By turning a blind eye to public statements about inflated ARR, VCs effectively help crown the winners of their own portfolio companies. When a startup publicly reports high revenue, it is more likely to attract the best talent and customers who believe the company is the undisputed king in its category.

“Investors can’t pronounce it,” one venture capitalist told TechCrunch. “Everyone has a company that converts CARR as ARR.”

Still, anyone intimately familiar with the intricacies of the industry may find it hard to believe that some of these startups actually reached $100 million in ARR within a few years of launch.

“For everyone in it, it just feels fake,” said Alex Cohen, co-founder and CEO of health AI startup Hello Patient. “You read the headlines and you say, ‘I don’t believe it.'”

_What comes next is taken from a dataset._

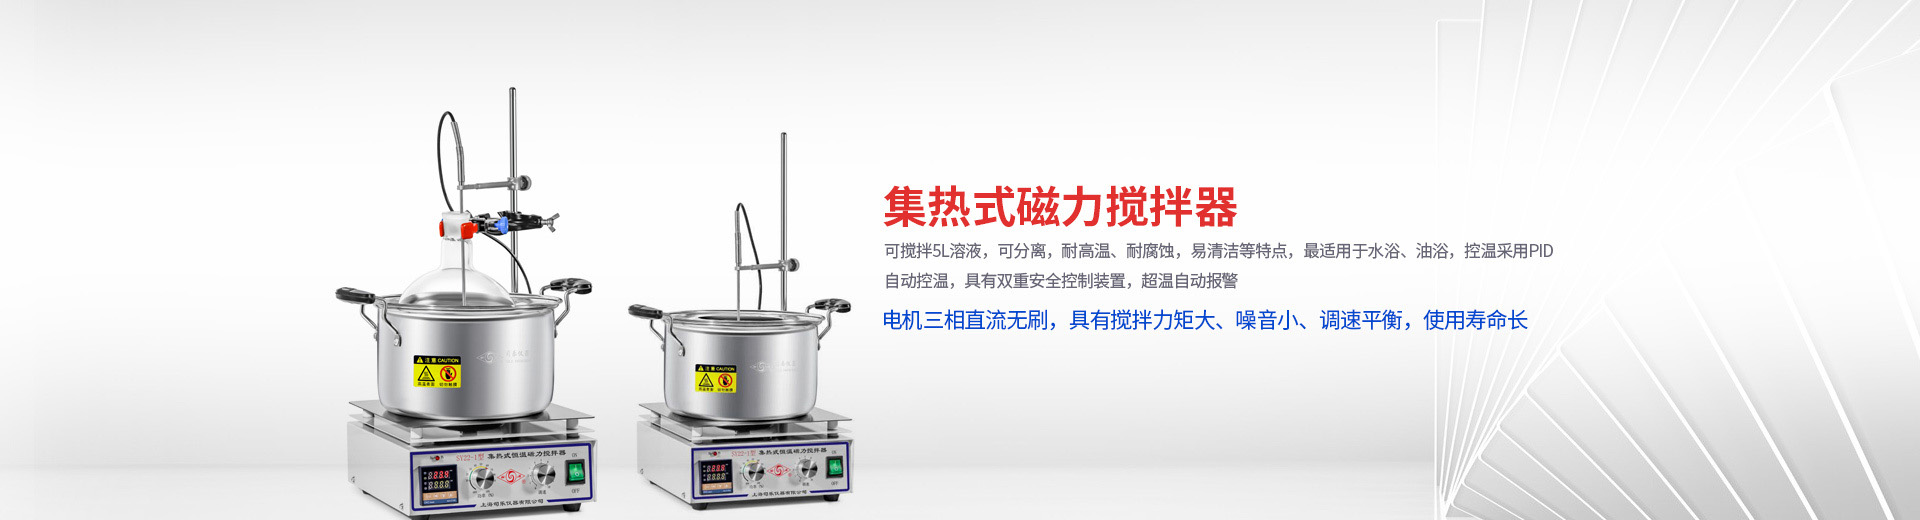 上海司乐 四工位 数显 恒温磁力搅拌器 T09-1S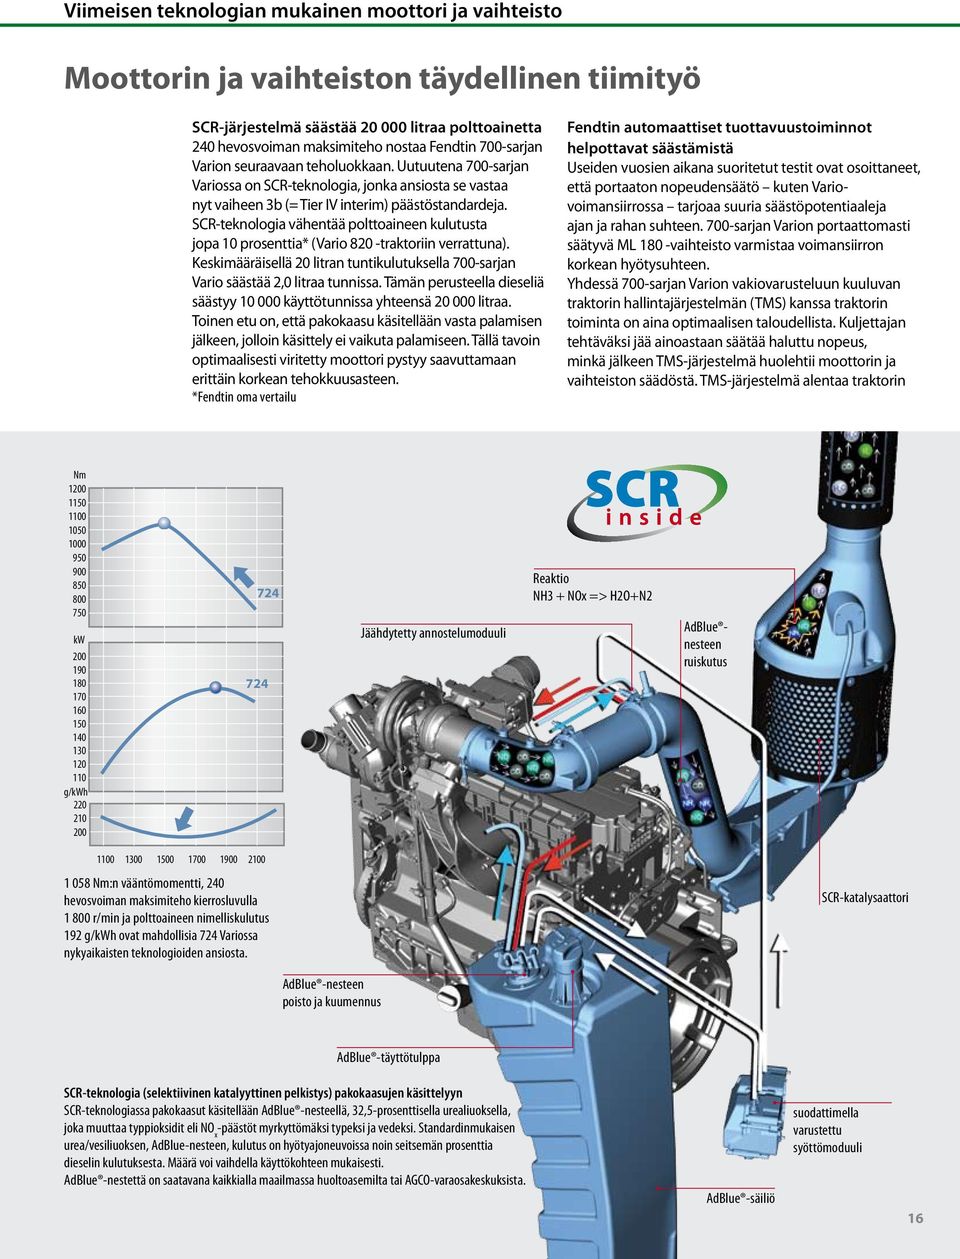 SCR-teknologia vähentää polttoaineen kulutusta jopa 10 prosenttia* (Vario 820 -traktoriin verrattuna). Keskimääräisellä 20 litran tuntikulutuksella 700-sarjan Vario säästää 2,0 litraa tunnissa.

However, not all startups are comfortable with representing growth by reporting CARR instead of ARR. They prefer to be clean and clear about their numbers, in part because they understand that public markets measure software companies based on ARR rather than CARR. These founders prioritize transparency.

Wordsmith’s McNairn, who remembers the struggle startups faced to justify high valuations after the 2022 market correction, said he doesn’t want to create an even higher hurdle by overstating his startup’s revenues.

“I think it’s shortsighted, and I think if you do that kind of thing for short-term gain, you overinflate the already insanely high multiples,” he said. “I think it’s super bad hygiene, and it’s going to come back and bite you.”